==== Data excerpts

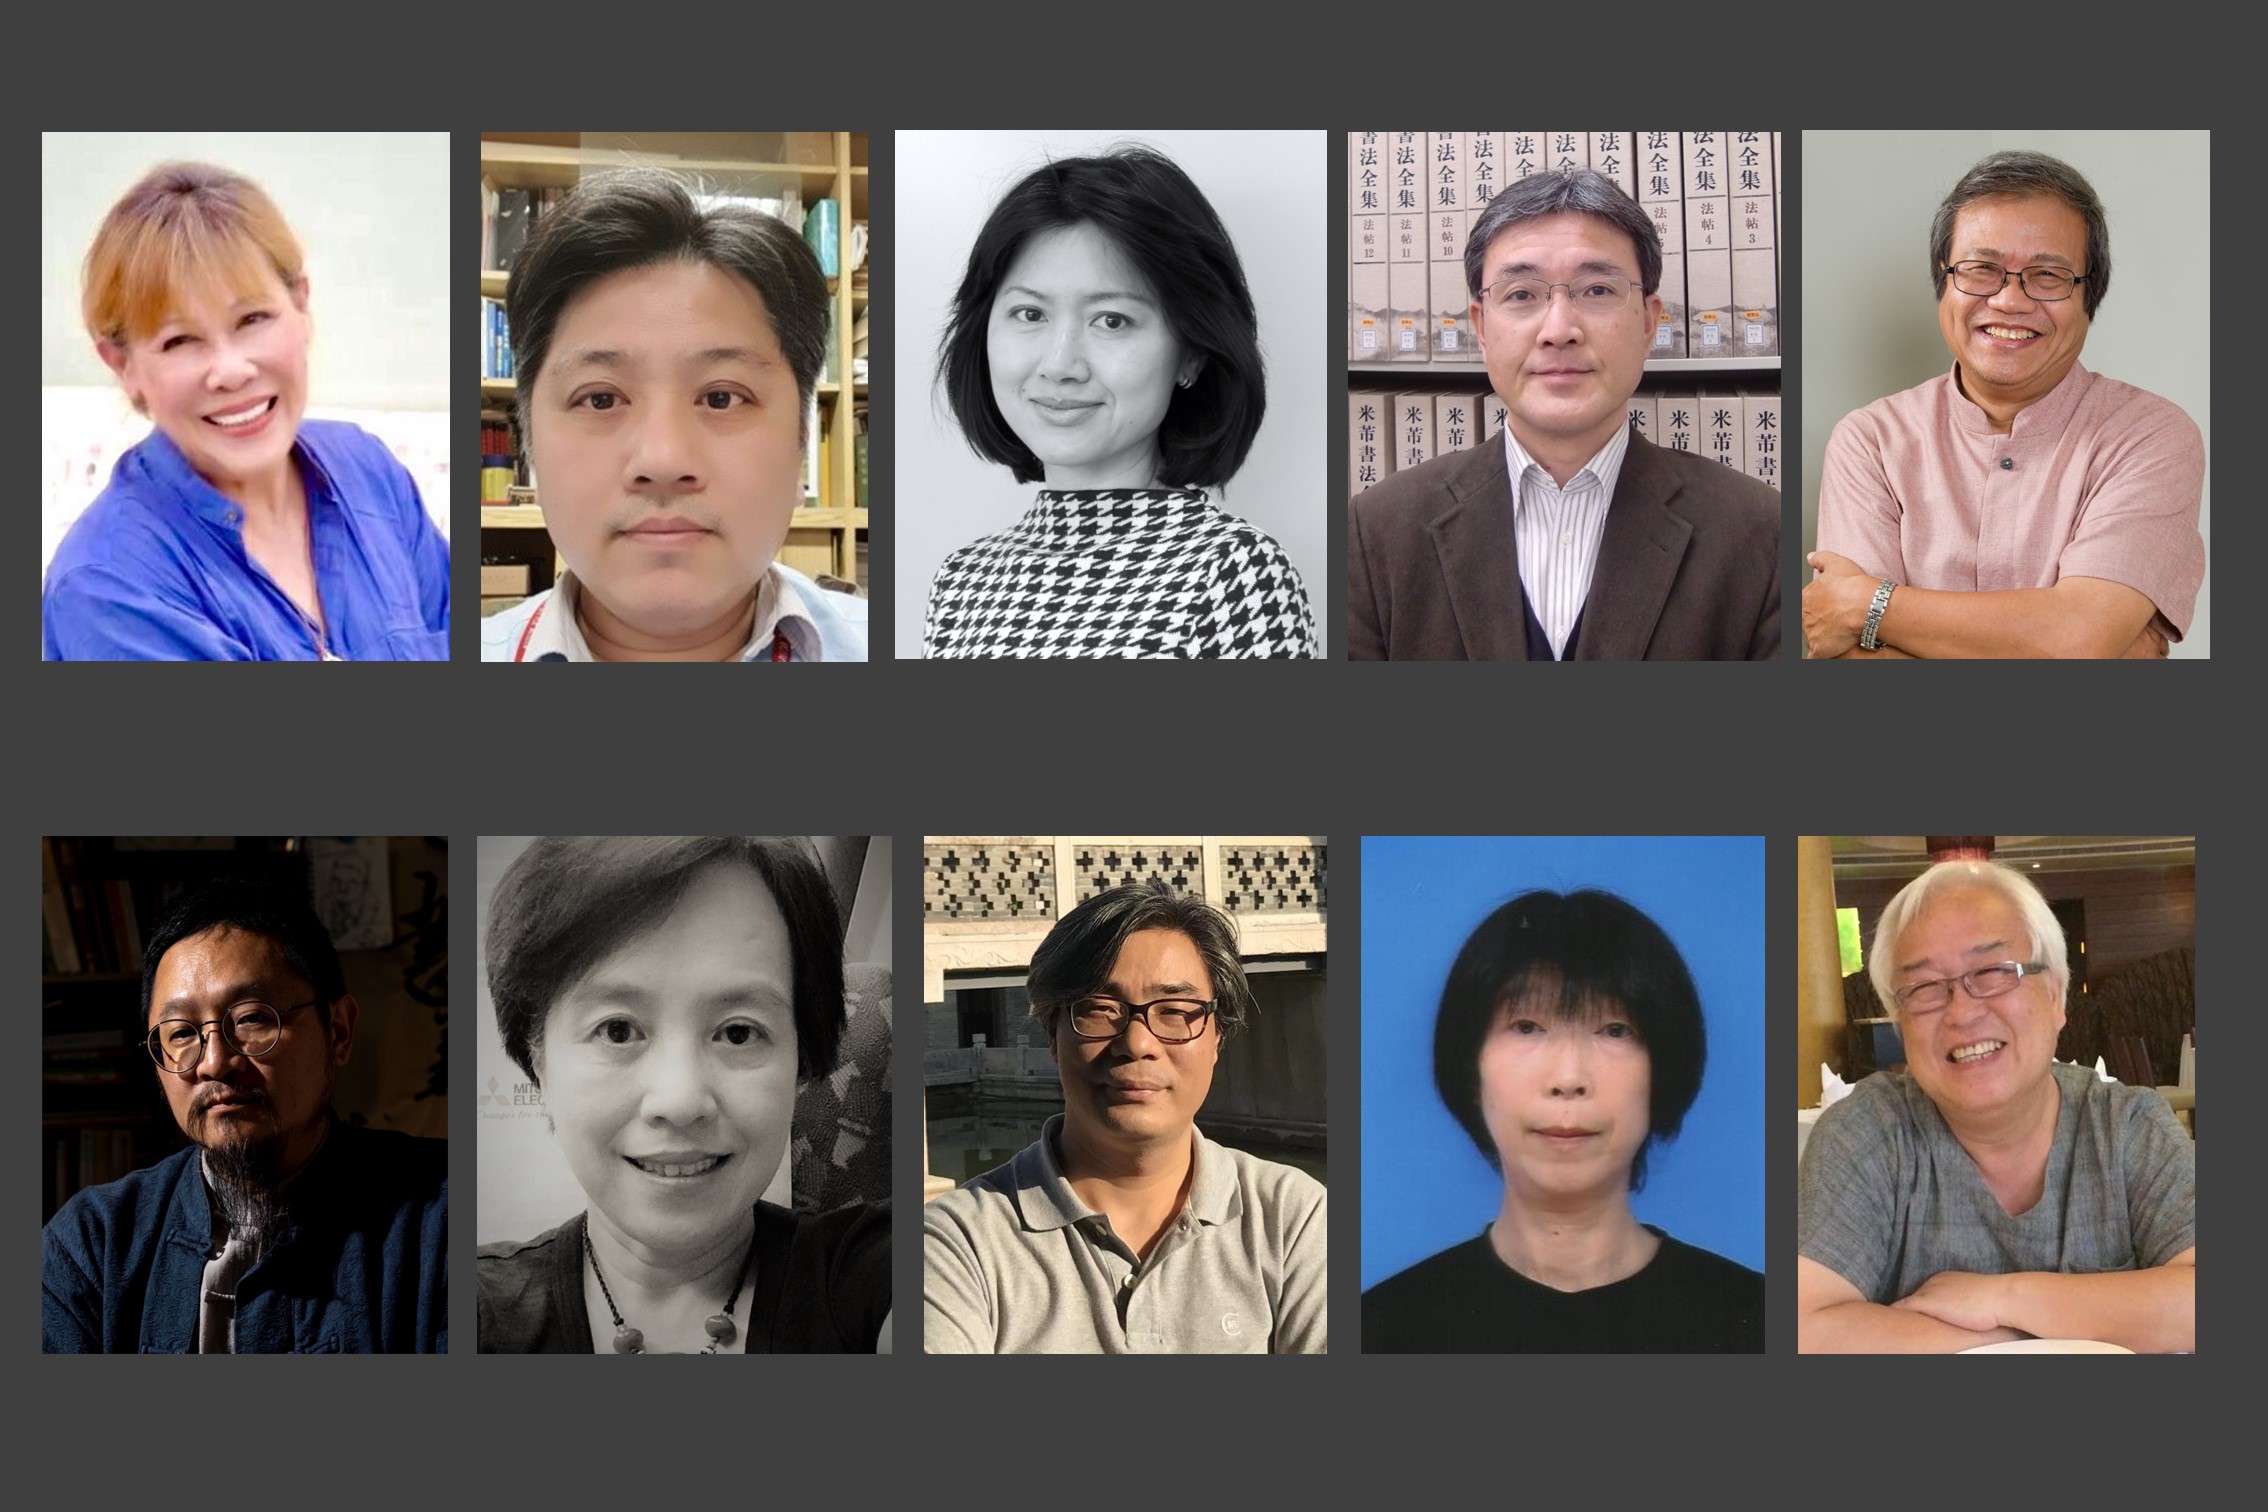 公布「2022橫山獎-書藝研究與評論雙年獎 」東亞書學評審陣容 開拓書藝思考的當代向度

========
==== Data excerpts

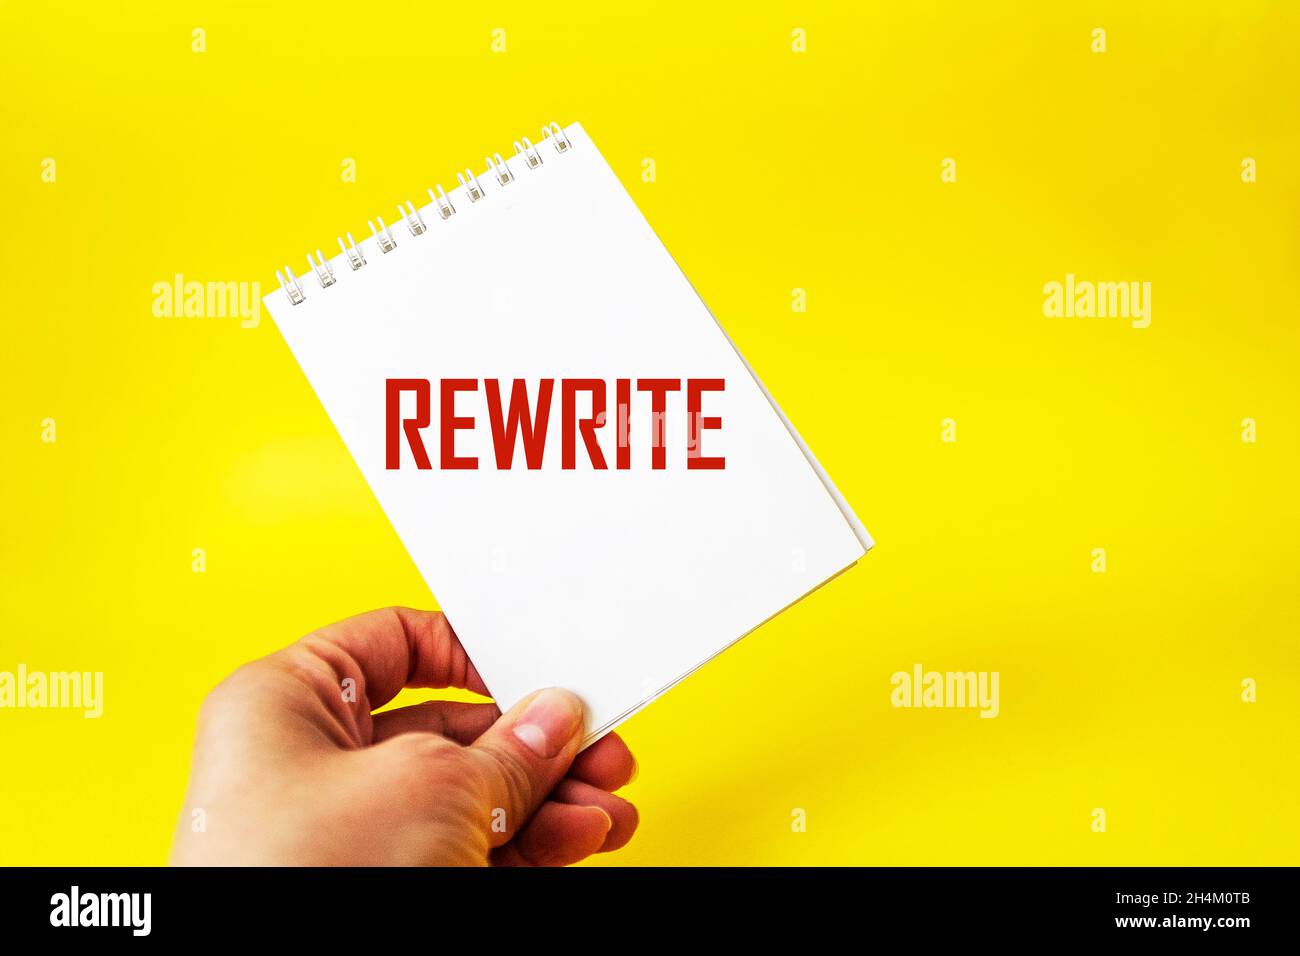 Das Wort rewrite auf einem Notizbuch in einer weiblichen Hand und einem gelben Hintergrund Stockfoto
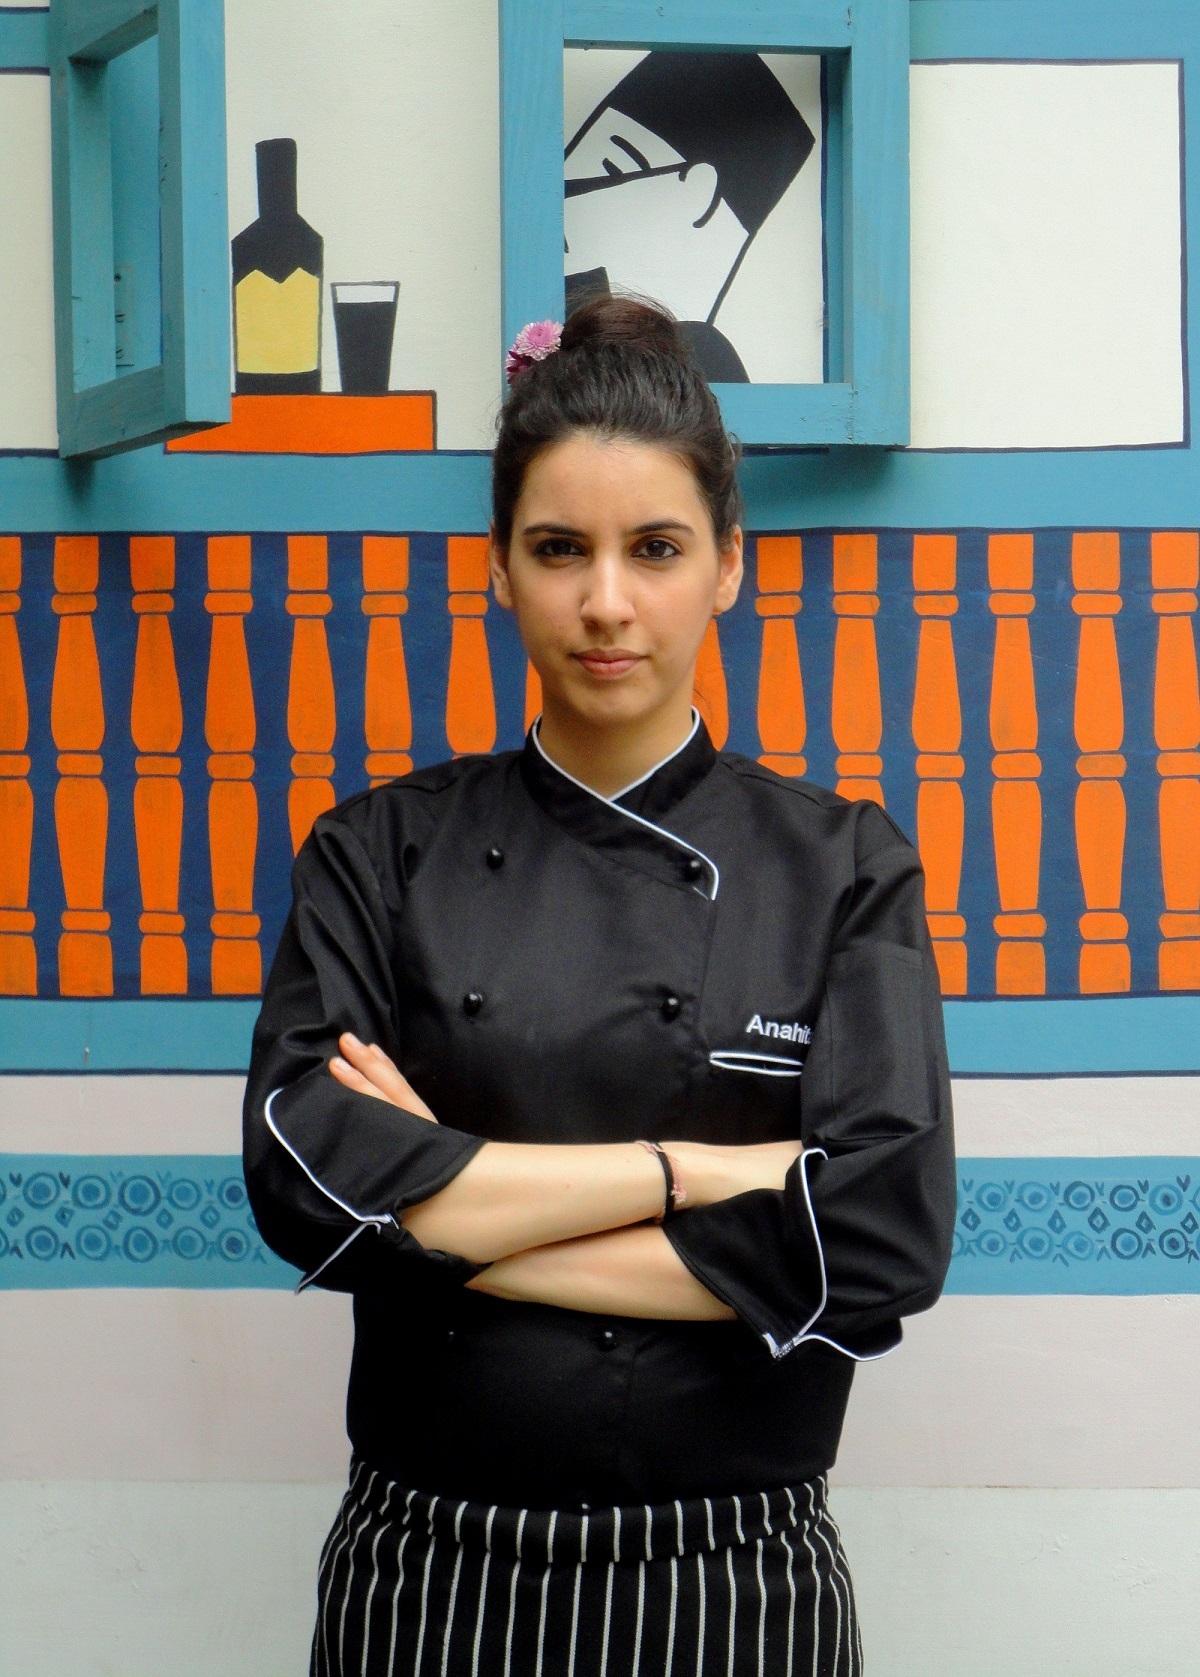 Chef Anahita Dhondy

========

**Required action**
Leaving out the pictures, please output the lines in the entries above from the one with "Das Wort rewrite" through the one with "Chef Anahita Dhondy", exactly as they are.

**Exercise solution**
 Das Wort rewrite auf einem Notizbuch in einer weiblichen Hand und einem gelben Hintergrund Stockfoto
 Chef Anahita Dhondy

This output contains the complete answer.